I am starting from scratch and had never considered moving there before now, so anyone who would be willing to relay with me and be happy to share from personal experience I would be most grateful. 

All the best to everyone, 

Laila


----------



## Nursemanit (Jul 10, 2015)

Well , first forget any cost of living calculator - they are useless for Dubai. To many different ways to live to factor into a simple equation based on salary. Housing is the big expense ( and schools but you did not mention children) so that skews the online calculators since they underestimate livable Dubai housing. 

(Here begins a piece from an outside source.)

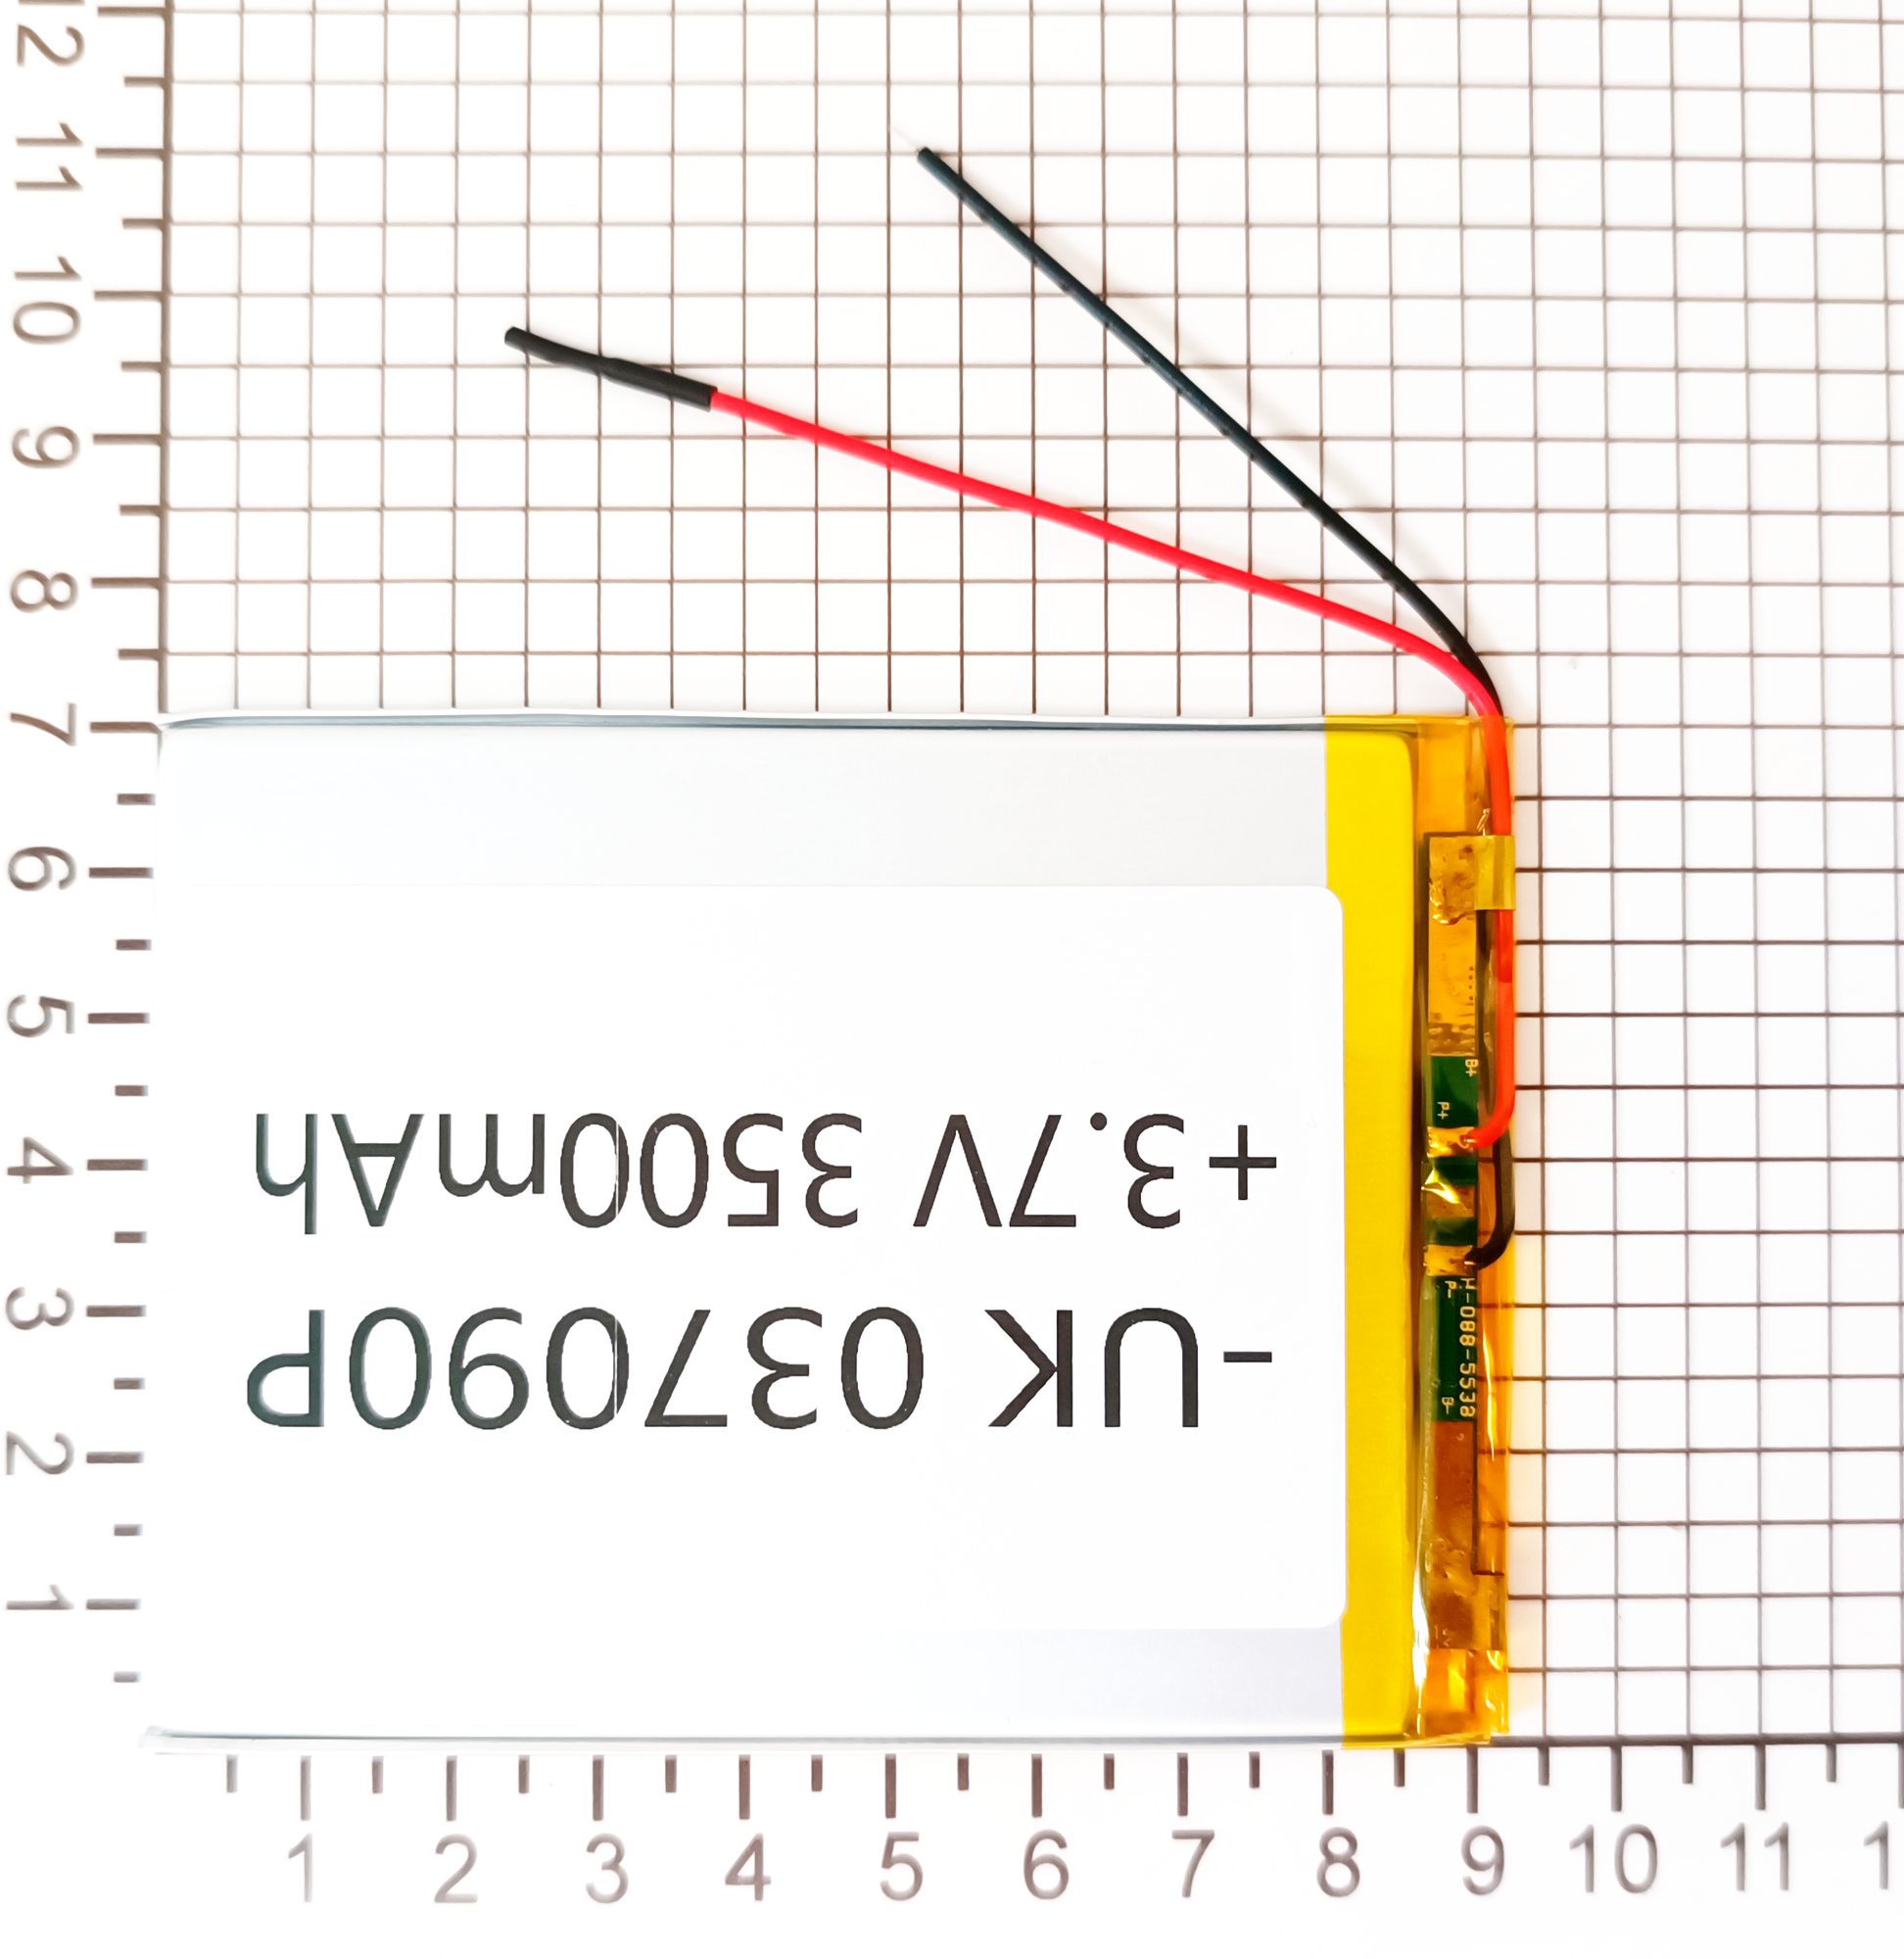 Аккумулятор для планшета Texet X-pad RAPID 7.1 4G TM-7879 (батарея) емкость до 3500mAh 3,7v (аналог) 307090 li-pol литий полимерный 2 провода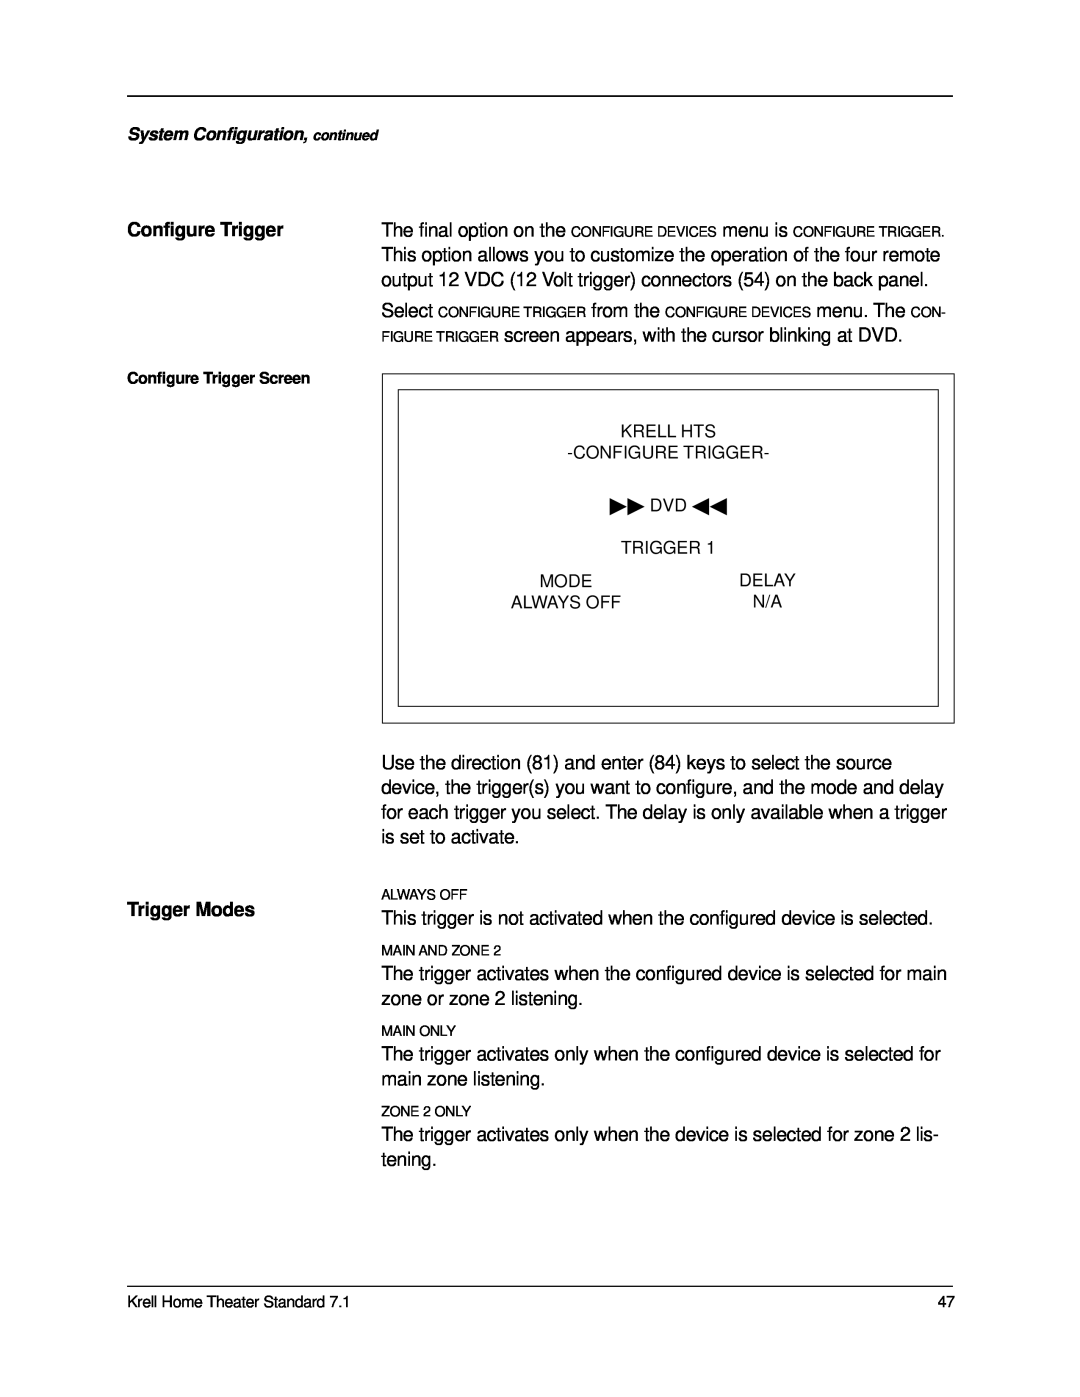 Krell Industries 7.1 manual Configure Trigger, Trigger Modes

I would say the usual thing is to take what you plan to spend on housing ( you have not told us what your housing plan is ) and subtract that from what any position pays you in Dubai. 

An then take what you make at your current home and subtract your current housing. 

Make sure the leftover salary in Dubai ( with housing removed) is at least 1.25 X what you make now or it is not worth it. You should be able to save more. This would give you a more reasonable estimate than an online calculator. 

Non-housing expenses are not much more expensive ( compared to a US city ) You ( assuming you are from Ireland ) may even do better if you factor in a car and gas. 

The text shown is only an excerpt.